Failure-guided model editing with prospective previews improves human-AI accuracy by 14%.

Deep Dive

RuleEdit is a new interactive system from arXiv researchers that addresses a critical gap in human-AI collaboration: how to let practitioners detect model failures and inspect the consequences of edits before applying them. The system uses interpretable mismatch signals from rule tables to surface likely failures, then supports user-authored rule feedback with prospective previews of projected performance changes and embedding shifts. In a study with health professionals and students working on stroke rehabilitation assessments, rule-guided failure detection significantly increased Human+AI performance by 14.16% (p<0.001), while reducing over-reliance, under-reliance, and ChangedToWrong decisions.

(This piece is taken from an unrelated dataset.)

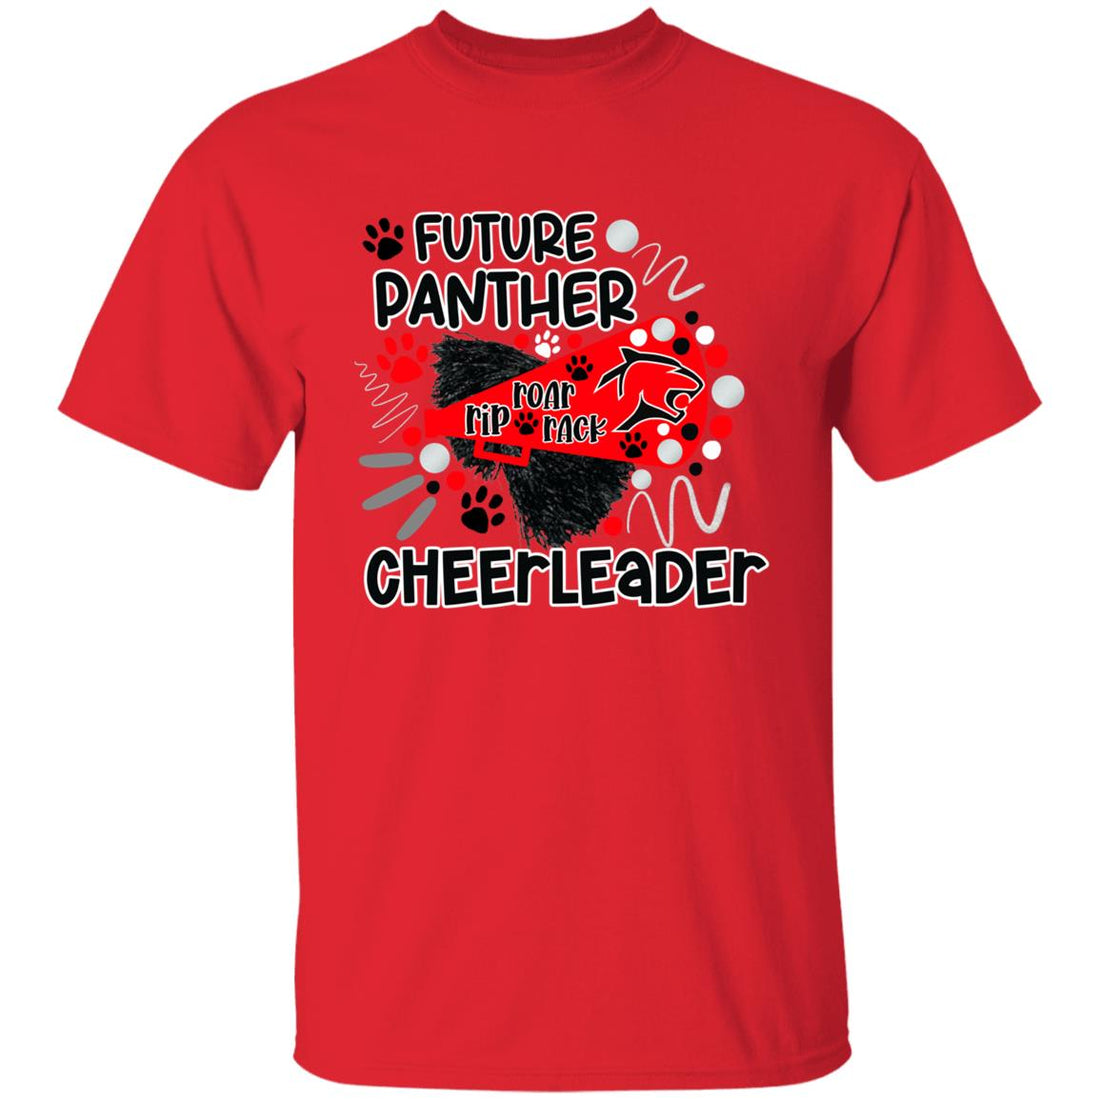 Future Panther Cheerleader Youth 5.3 oz 100% Cotton T-Shirt - T-Shirts - Positively Sassy - Future Panther Cheerleader Youth 5.3 oz 100% Cotton T-Shirt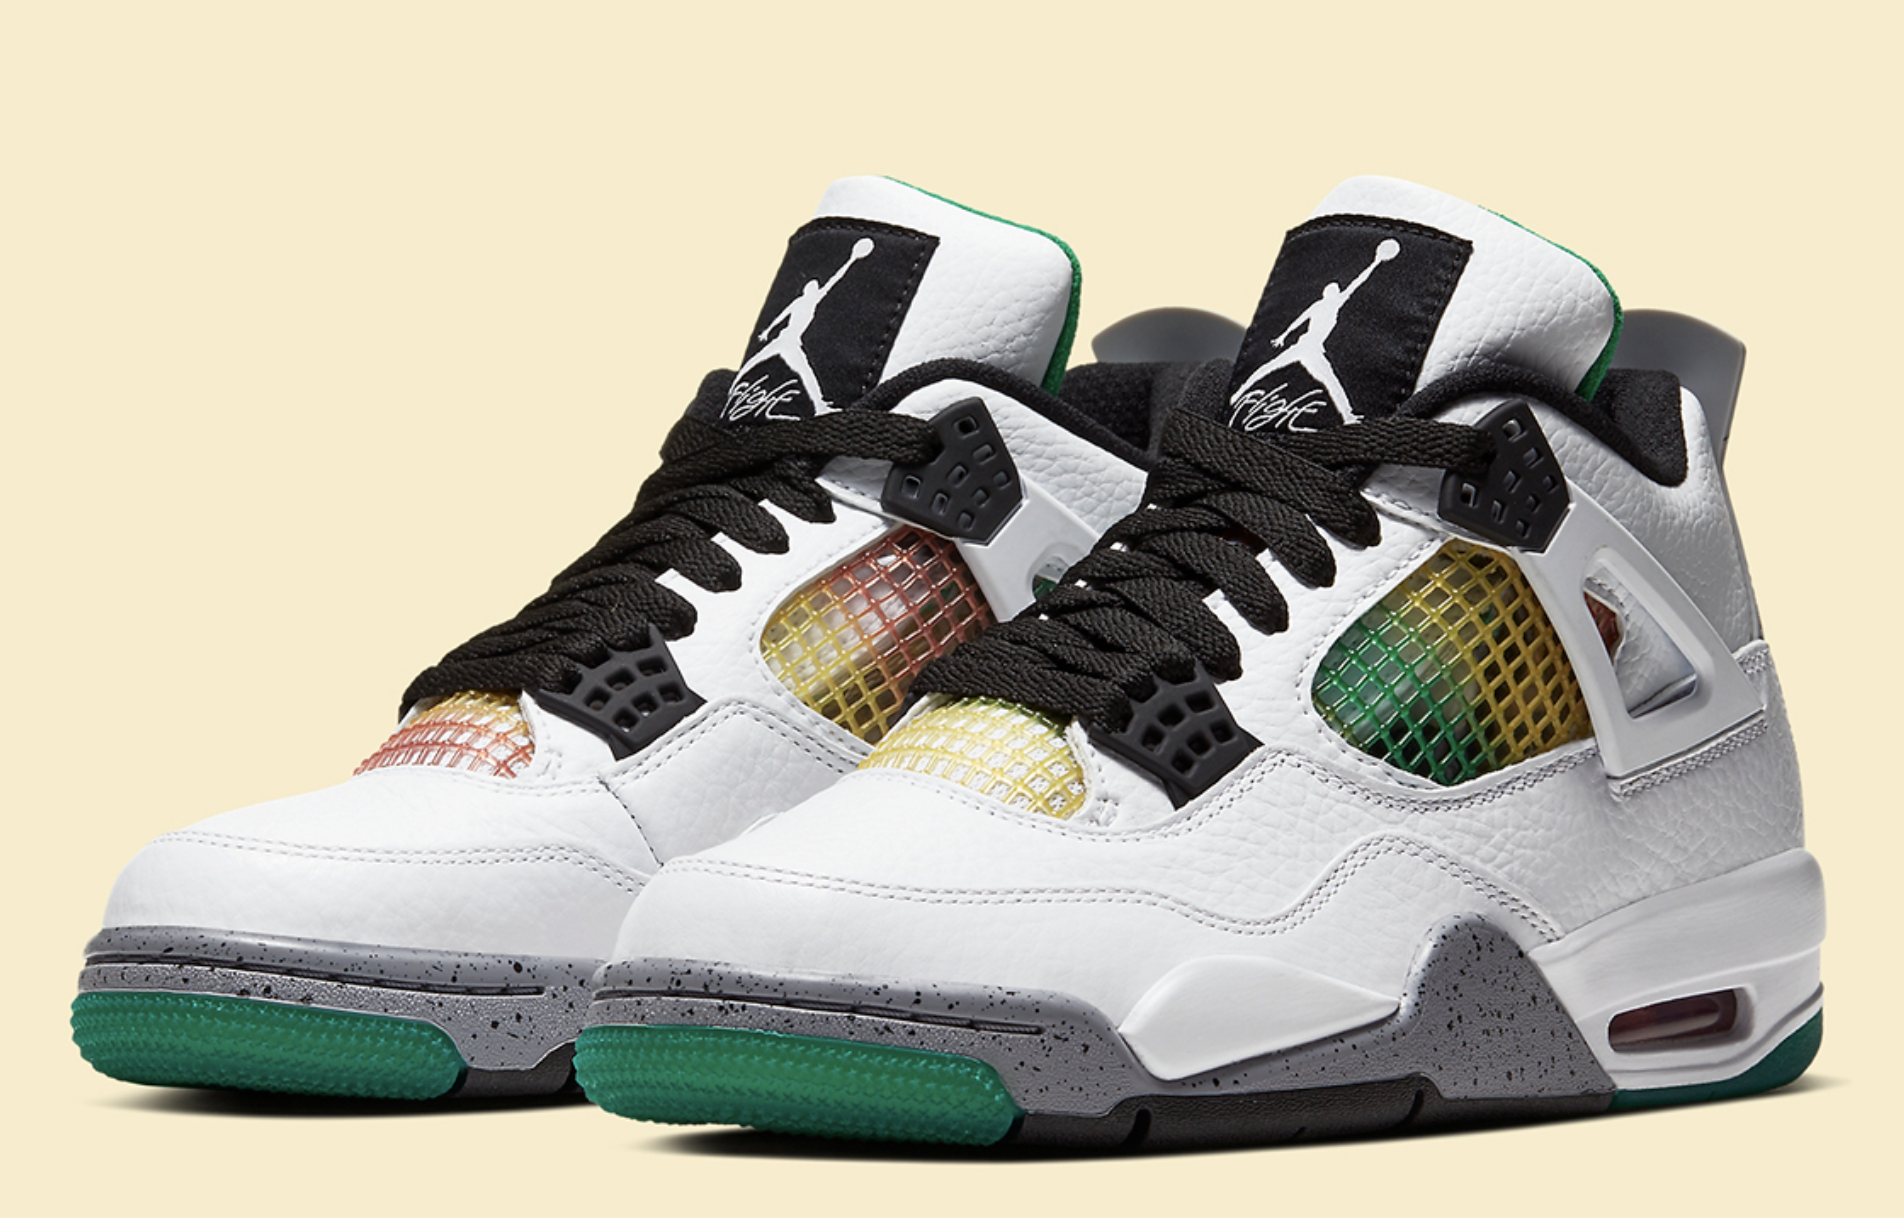 mild patrol spring Women's Air Jordan 4 “Do The Right Thing” — For The So[U]le

The prospective embedding previews proved especially powerful—participants who saw them improved their model adaptation feedback, boosting post-update local performance gains from 11.50% to 36.38% after incorporating their rule-based feedback (p<0.001). However, the study also uncovered a critical local-global tradeoff: edits that help a specific case can degrade performance when transferred globally. This finding underscores the need for failure-aware, controllable human-AI systems that let experts understand not just immediate impacts, but ripple effects across the model's entire deployment space.

Key Points
  • RuleEdit surfaces likely AI failures via interpretable mismatch signals from rule tables, enabling targeted editing
  • Prospective impact previews boosted post-update local performance gains from 11.50% to 36.38% (p<0.001)
  • Study revealed a local-global tradeoff: edits beneficial for one case can degrade overall model performance when scaled

Why It Matters

Empowers domain experts to safely edit AI models by predicting failure impacts before deployment.